Today (March 8) marks International Women’s Day, Zoe Hennessy General Secretary of the YCL has issued this statement on behalf of the YCL Executive Committee.

It is a time to reflect on and celebrate the past and current contribution of women to the struggle for socialism and equality, and look forwards to the struggles of the future.

Currently women in Britain have faced massive setbacks in the struggle for female emancipation. Research by trade unions and other organisations has shown that austerity has had a devastating impact on the lives of women. Almost two thirds of low paid workers are women and there has been a 74% increase in women’s underemployment. Women are stuck at the bottom end of local government pay scales and the problem is getting worse after a three-year pay freeze, followed by two below-inflation pay offers and cuts. Job losses, low pay and underemployment mean that women have little chance to progress at work. Cuts to benefits have hit women particularly hard and as cuts to care provision bite it is women who are picking up the pieces.

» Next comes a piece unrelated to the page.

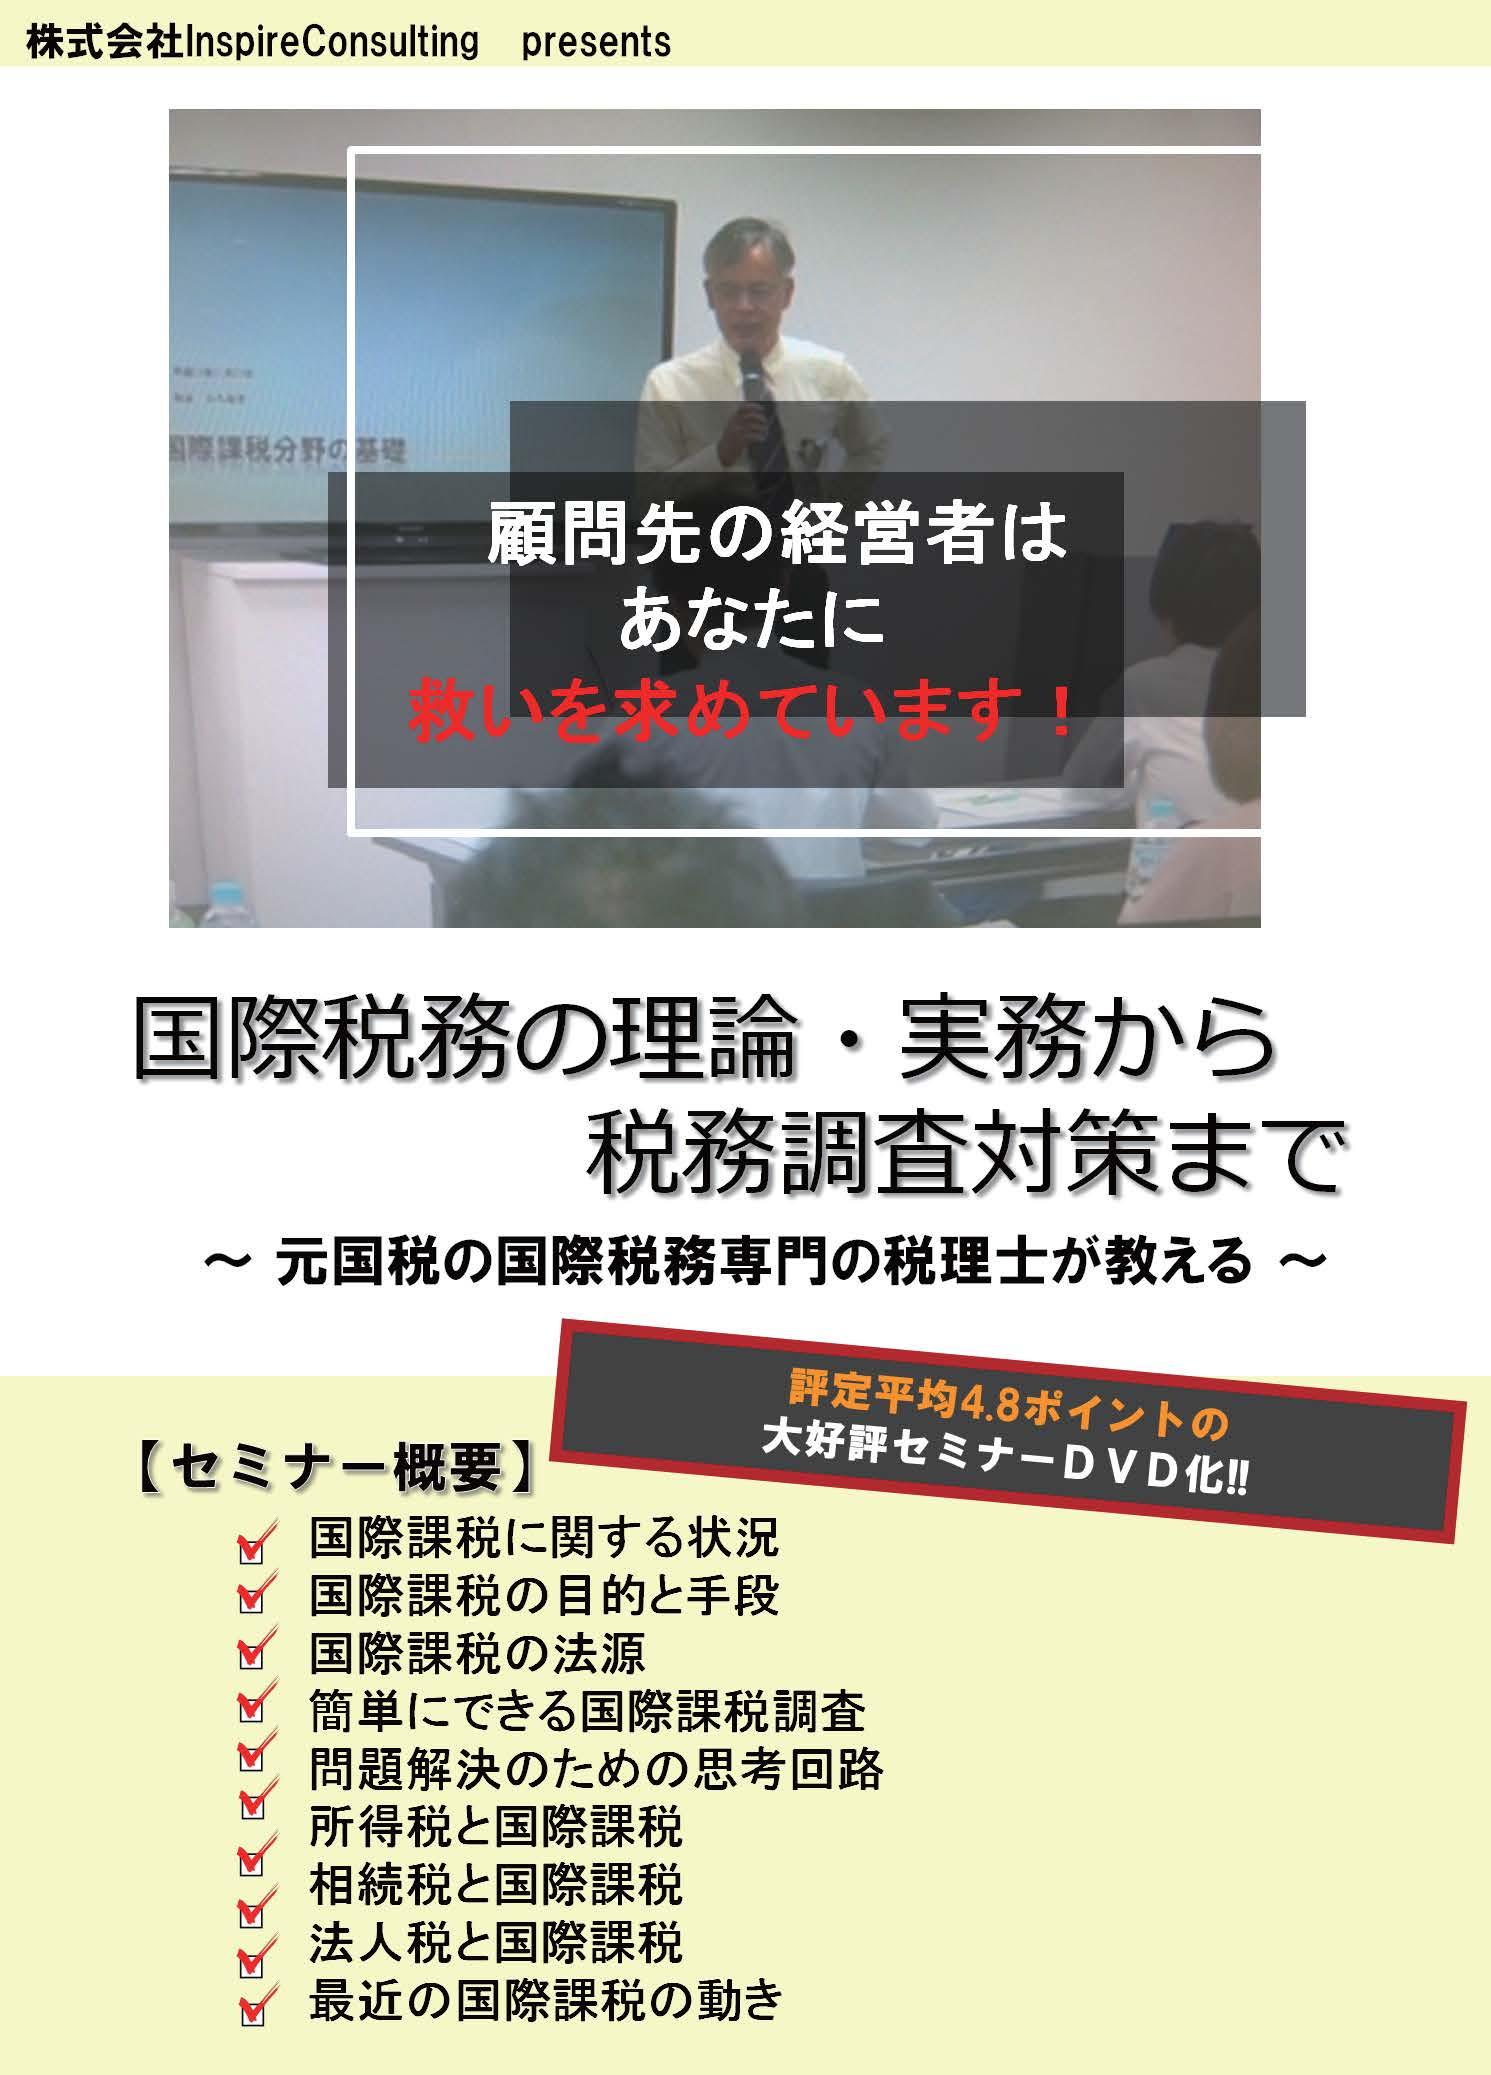 【販売終了】国際税務の理論・実務から税務調査対策まで
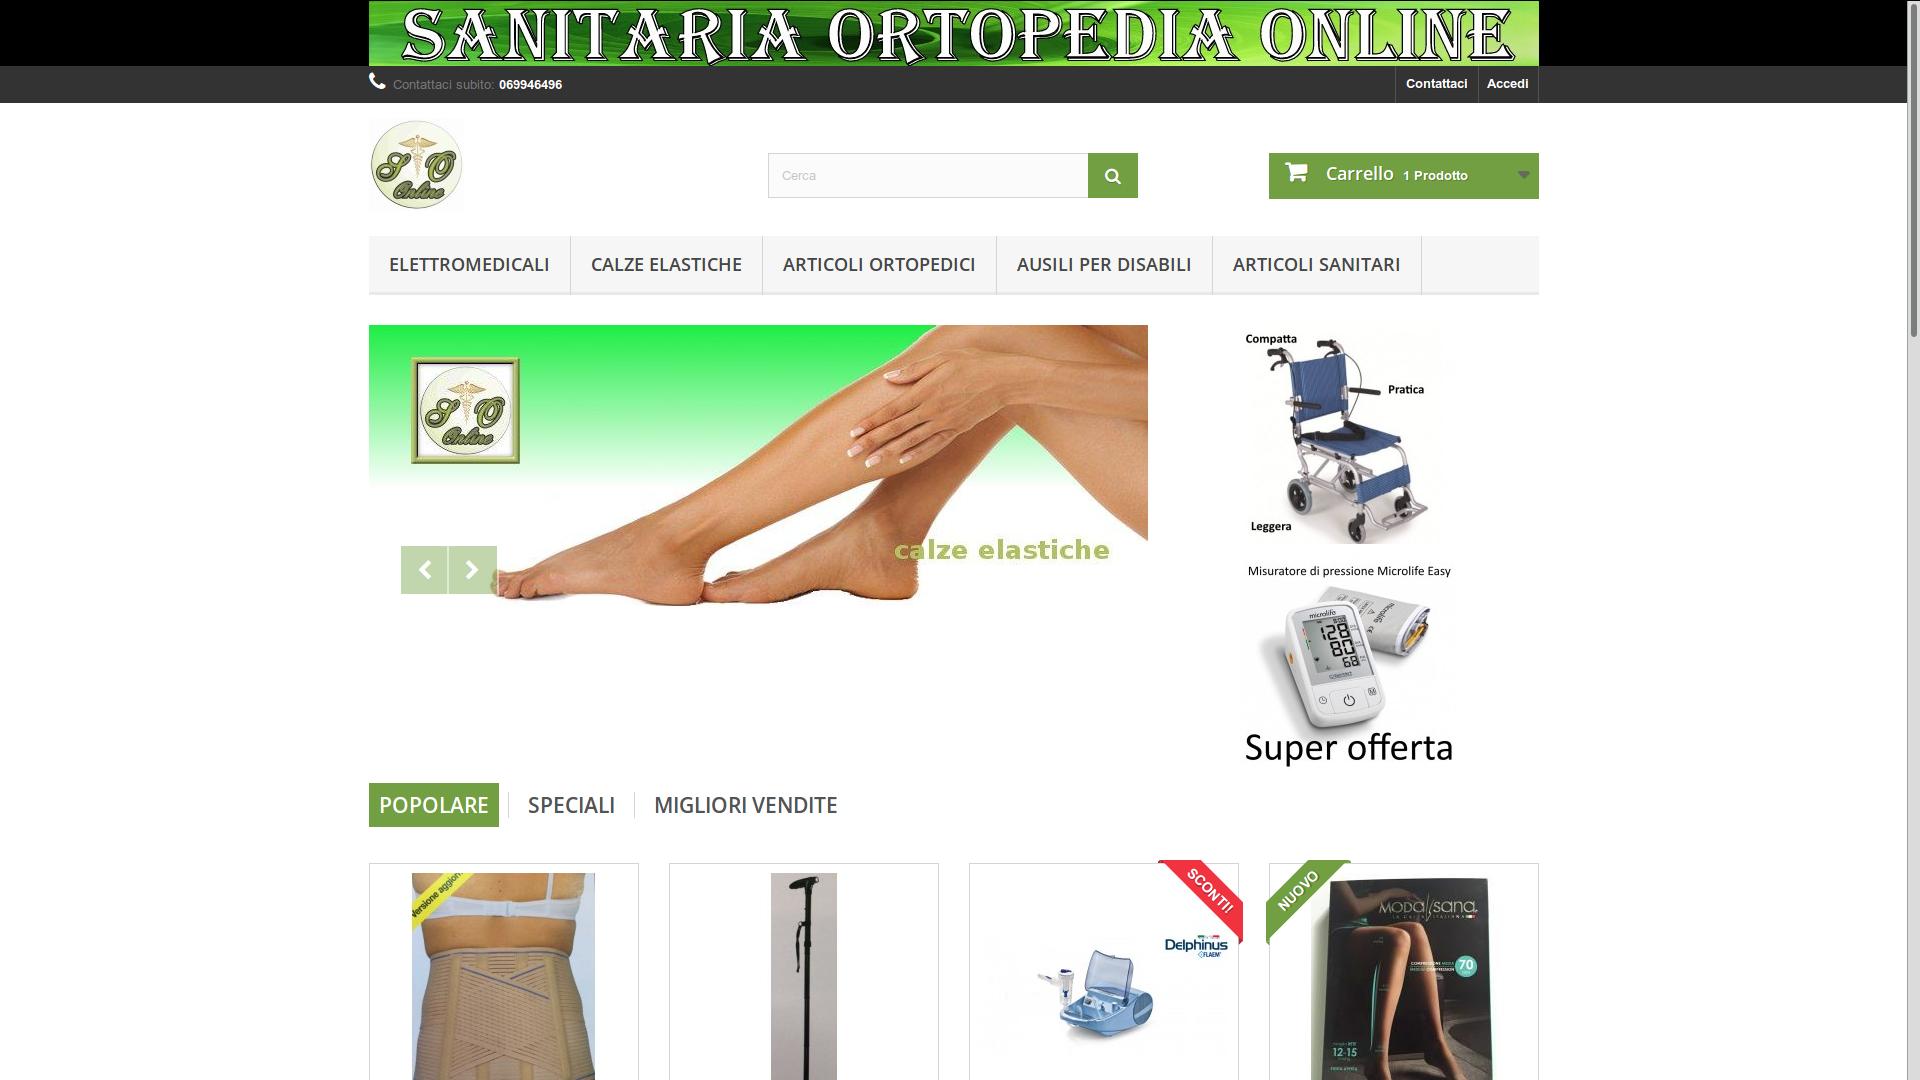 Ottimizzazione SEO sito e-commerce Ortopedia Sanitaria Online

In comparison, the women’s movement after the socialist revolution in Cuba continues to develop apace. Since the revolution women’s equality has been guaranteed by law and the Federation of Cuban Women work ministries, trade unions and organisations to provide equal opportunities for women, develop community services, draw women out of the home and mobilise women to engage in political and governmental work. At grass roots level the FCW mounts campaigns relating to women’s issues, such as community health and education programmes, civic rights campaigns and programmes promoting equality in different aspects of the lives of women. Currently 85% of women over the age of 14 are members of the Federation and over 73,000 branches across Cuba. In 1956 (before the revolution) women made up just 17% of the workforce, and mostly in areas such as domestic service. Prostitution was widespread and often the only means of survival for women. Women have made huge gains in Cuba not only entering the workforce (women make up 44%) but also in the careers they now have access to, for example, over 50% of doctors are women. All women are guaranteed maternity leave and the state provides high quality childcare at a low cost from 3 months until children reach school age.
Compare this to Britain, where childcare for 2 children is estimated to cost around £11,700 a year, it is no wonder that women are having to give up their careers in order to look after their children. The universal provision of healthcare in Cuba has meant that the burden of care has been lifted from women, whilst access to contraception and abortion has allowed women to pursue their careers and educational ambitions.Whilst the progress women have made in Britain is eroded by the ideology of austerity, it is important to take courage and learn lessons from our sisters in the socialist countries.

The proletariat will be able to attain its liberation only if it fights together without the difference of nationality and profession. In the same way, it can attain its liberation only if it stands together without the distinction of sex. The incorporation of the great masses of proletarian women in the liberation struggle of the proletariat is one of the prerequisites for the victory of the socialist idea and for the construction of a socialist society.” – Clara Zetkin

The struggle for socialism and the fight for women’s equality are interconnected, and one cannot take place without the other.

Forward to women’s liberation! Forward to Socialism!